Think of it as making it easier for everyday people to make cultural assertions the same way advertisers already do. Instead of an assertion like, "wearing Calvin Klein underwear will be flattering to your washboard abs," or "enormous sunglasses are so in right now, go buy some," Loudsauce's creators want to give people the opportunity to insert social messages into public life instead.

"Wouldn't it be cool if there was more meaningful content, that I could help shape, that would show up in places like on television?" Colin Mutchler, the site's co-founder, asked me during a phone interview Monday.

It's that spirit that will motivate the campaigns that are allowed to go up on the site, he said. While Loudsauce might eventually help put together the content of the ads, it is limited for now to campaigns that already have their own advertising materials. That made both the Story of Stuff and Green Patriot Posters, the posters going up in San Francisco, appealing candidates for this alpha test, Mutchler said — they both have their own advertising creative ready-made.

If LoudSauce sounds like it's left-leaning, that's not surprising. Mutchler said that most of the team working on the site are political progressives, but LoudSauce will stay away from political campaigns.

"If we do that in the beginning we will quickly be pigeonholed as, you know, MoveOn," Mutchler said, "and I think our vision is broader than that."
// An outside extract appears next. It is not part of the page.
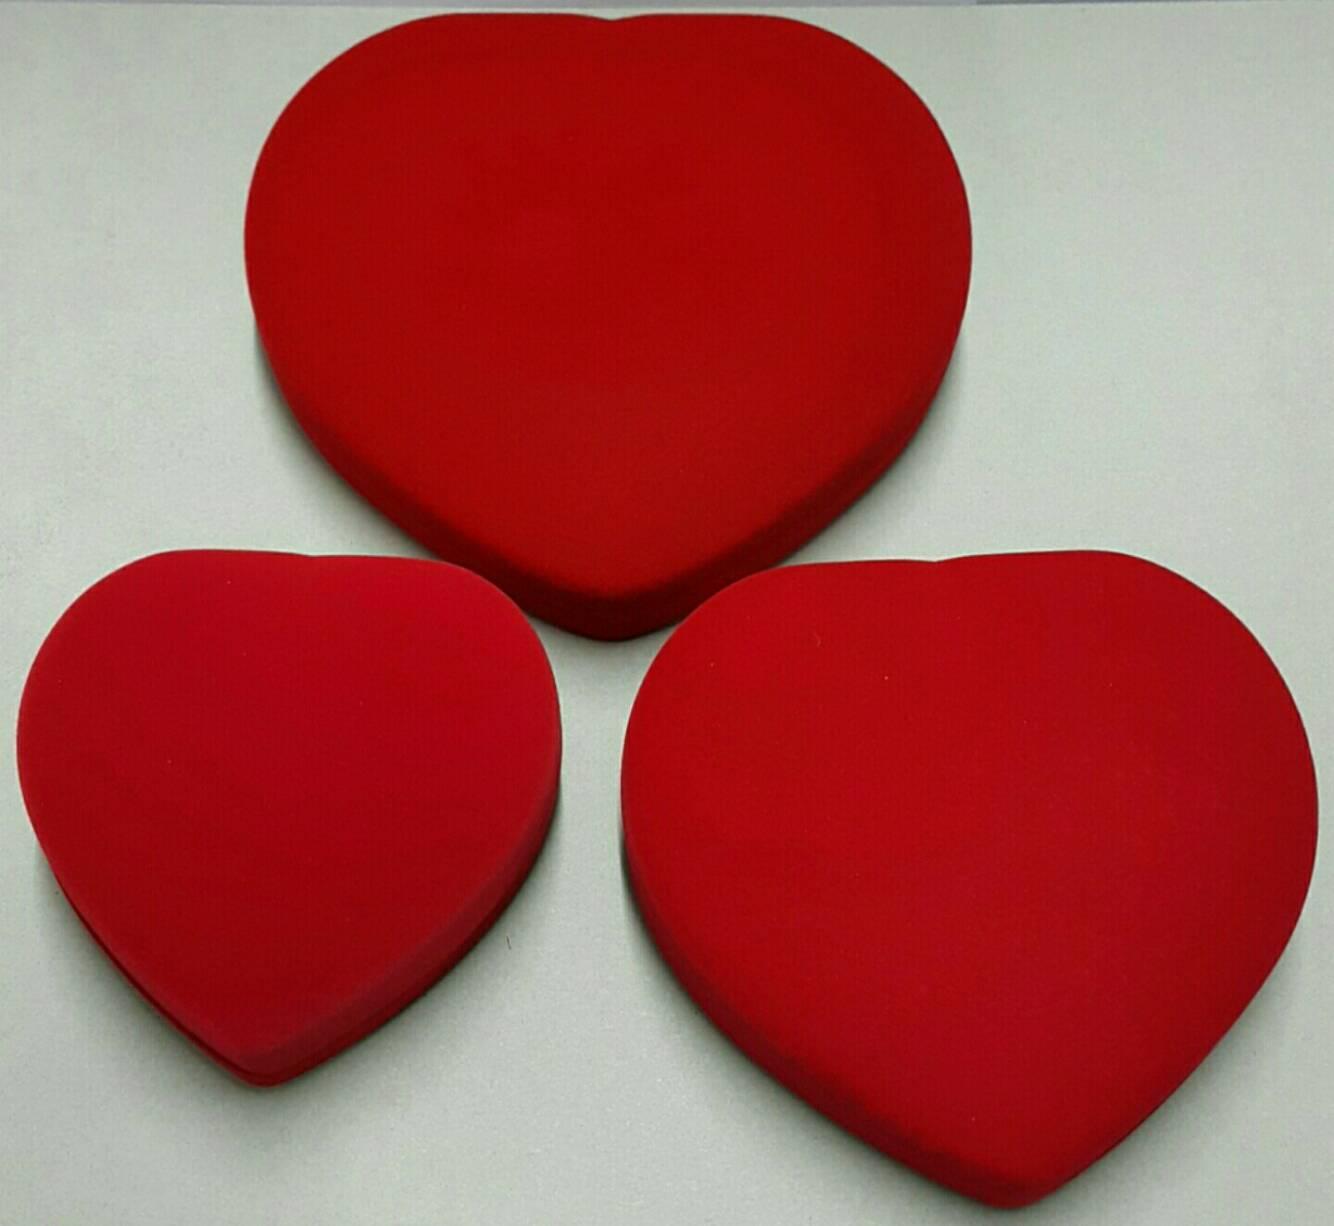 กล่องใส่สร้อย ใส่ชุดสังวาล รูปหัวใจ

I asked him if he was giving people the opportunity to organize themselves for involvement in the culture war. He invoked a recent interview with Jeff Chang, the co-founder of Colorlines, and retorted that he was interested in change, not war.

In that interview with Colorlines' Jamilah King, Chang said:

Obama’s 2008 election marked the culmination of a cultural shift—the arrival of a new cultural majority—that he does not yet seem to grasp.

Culture always moves before politics. Think of how Jackie Robinson’s Major League debut preceded Brown vs. Board of Education, or how Ellen Degeneres’ coming-out preceded court rulings on same-sex marriage and “Don’t Ask Don’t Tell.” Cultural change is often the dress-rehearsal for political change. Or put in another way, political change is the final manifestation of cultural shifts that have already occurred.

Sadly most progressives—whether they work in electoral politics or movement politics—have not yet figured culture into their theory of change. Unlike the right, they have no cultural strategy.

Mutchler described the site as being less of a tool for conflict.

"A lot of the political conversations are very destructive," Mutchler told me. "It's a lot about us and them, conflict ... I'm interested in facilitating a constructive dialogue."

He also said that LoudSauce was far from ready for prime time.

"This is the first time we're trying this, obviously we've had the hypothesis for a while," he told me. "It's our first attempt to test whether or not people really will be willing to chip in money to buy ad space for stuff they care about."

Mutchler, who has worked at the ad agency R/GA and still has a day job at a brand marketing firm, according to LoudSauce's website, said this new project should move into beta in January or February.